Just after 3:00 am on a warm summer morning in 1996 the Cedar Falls Police received a call of a reported bomb threat at a distributing warehouse near the South edge of the city. A worker had been in the parking lot having a cigarette when he walked past his car and noticed a note under the windshield wiper. He reported the suspicious note to his supervisors inside the plant and plant officials then called the police. Upon arrival, the entire warehouse was evacuated. The note, written on an 8-1/2″ X 11″ piece of paper torn from a spiral notebook read: “I have placed a bomb in the warehouse and you’ll never find it.” As a precaution, workers were kept from re-entering the plant until a bomb sniffing K-9 and handler drove 60 miles from Cedar Rapids, Iowa to search the facility. Deliveries were also prevented from leaving the plant, and the business lost over $15,000.00 in sales for the day.
I had been called in to work and unrelated incident earlier in the morning, and upon finishing my assignment at that scene I drove to the distributing warehouse. The plant had already been evacuated, witnesses were being interviewed, and the K-9 team was nearly on the scene. I had an opportunity to examine the piece of notebook paper on which the threat was written. (The possibility of recovering fingerprints from the paper was realized, so protective gloves were worn.) The message was written in what appeared to be blue ball point ink. It also appeared that the hand-printing was purposely disguised, and this, I thought was odd. The man who discovered the note was giving a statement to a supervisor at the scene, and I had an opportunity to overhear some of the conversation they were having. During this time I asked the man who found the note if I could have permission to look inside his vehicle, as I suspected that whoever planted the note may have left behind other evidence. The vehicle owner told me that he had discovered his drivers side door unlocked when he came out for the cigarette, but believed there was nothing missing from the vehicle.
Inside the vehicle I found a spiral notebook folder similar to what most of us have used in the past for school work. I had the feeling immediately that the bomb threat may have been written on a piece of paper which was then torn from the notebook. The notebook was seized as evidence. I was hoping at the time that I would be able to connect the bomb threat with the notebook, and also possibly recover fingerprints of the suspect/s from the notebook. Later in the day at the Crime Lab I carefully paged through the notebook and did in fact find a 1.5 cm piece of paper lodged in the spiral. This piece of paper was identified as having originally been part of the bomb threat page by conducting careful fracture match analysis between this small piece and the larger bomb threat page. (See photo illustration.)

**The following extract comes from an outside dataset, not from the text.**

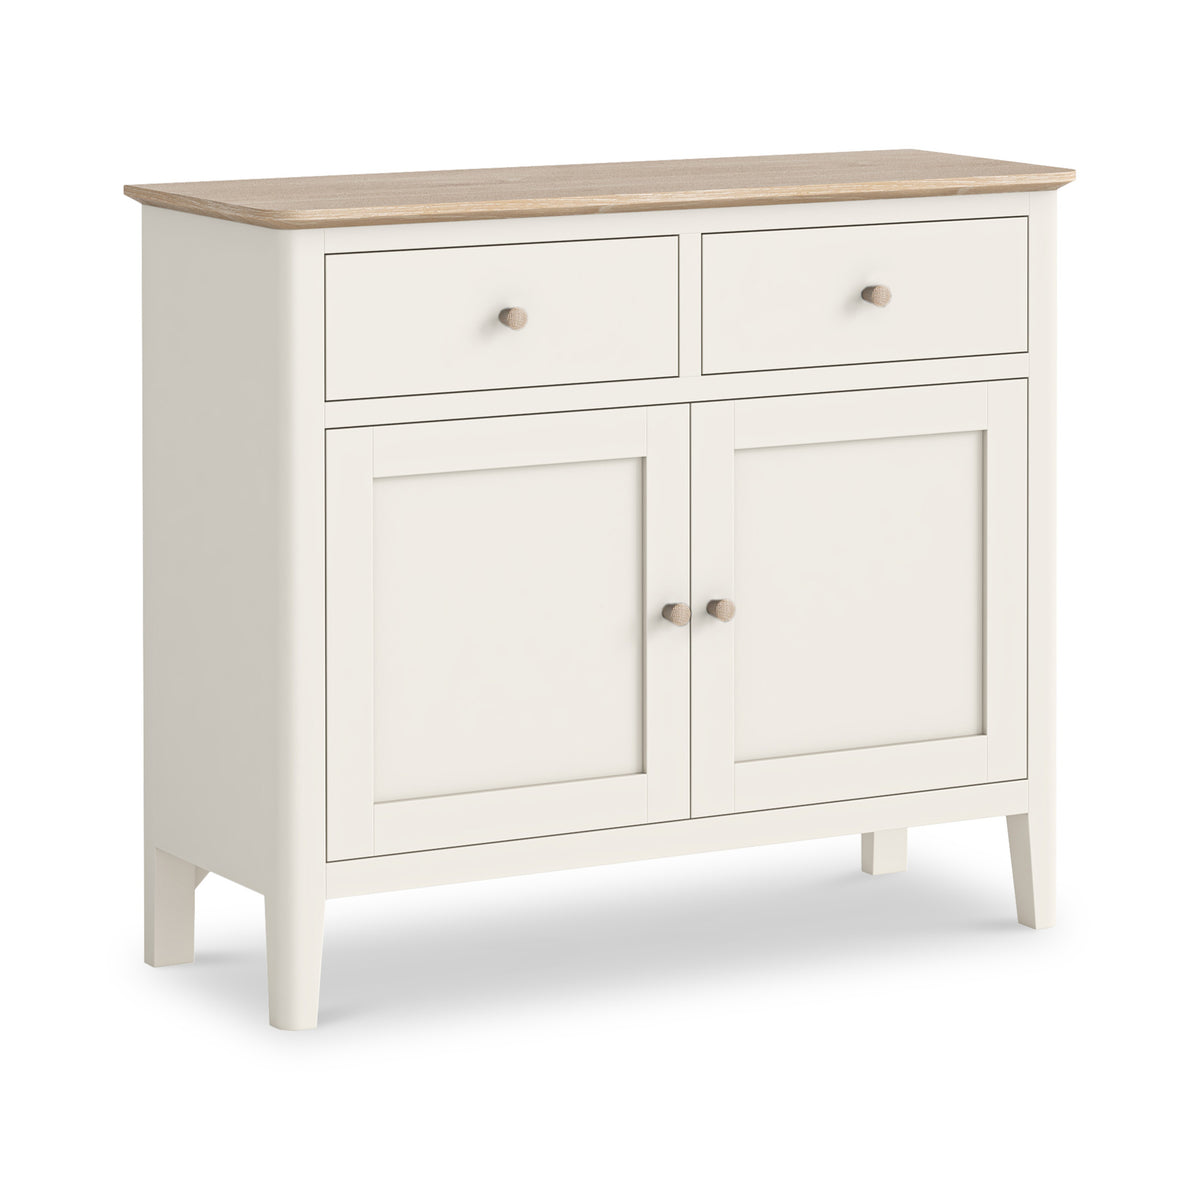 Penrose Coconut White Small Sideboard Cabinet with wooden handles from Roseland Furniture

I am not typing this article for the purpose of singing praises as to some special feat of police work which was conducted in discovering the small piece of paper which connected the bomb threat note to the notebook in the reporting person’s car. Rather – I want to describe the rather simple means taken to photograph the exhibits side by side. Handling the piece of paper which was found lodged in the spiral of the notebook was difficult. I’d thought at first that I could aid the handling process with tweezers, but soon discovered that indents produced in the exhibit from the tips of the tweezers could be seen under the high magnification which I was planning to use in the photo process. The handling was all but eliminated when I figured out (quite by accident) the means I was going to use in positioning the two paper exhibits side by side and in such close proximity.
I first positioned a 16″ X 20″ piece flat black colored paper on the base of the MP4 camera stand in the Lab. Atop this paper was placed an 8-1/2″ X 11″ piece of glass from a picture frame. I then placed the 1.5 cm piece of paper atop this piece of glass and sandwiched it with a second piece of picture frame glass. This alone offered me a means of sliding the small piece of paper around without handling it. I then positioned the bomb threat page atop the second piece of glass in such a position that it was “close” to being in position which would allow the fracture match to be illustrated. You guessed it – a third piece of glass was placed atop the exhibits which truly sandwiched them together. Sliding the pieces of glass atop one another was simple and with almost no effort, I was able to illustrate the two papers nearly pieced together.
Photographing the two exhibits was quite simple. Taking the magnification into consideration, I knew that I would have to have a certain degree of depth of filed in the finished print. Once proper exposure was obtained, I found that the picture shown above (taken at 1/30th second – f/16) allowed the exhibits to appear as if they were on the same plane. No flash was used to take the picture. The exhibits were illuminated with the four flood lamps of the lab camera stand.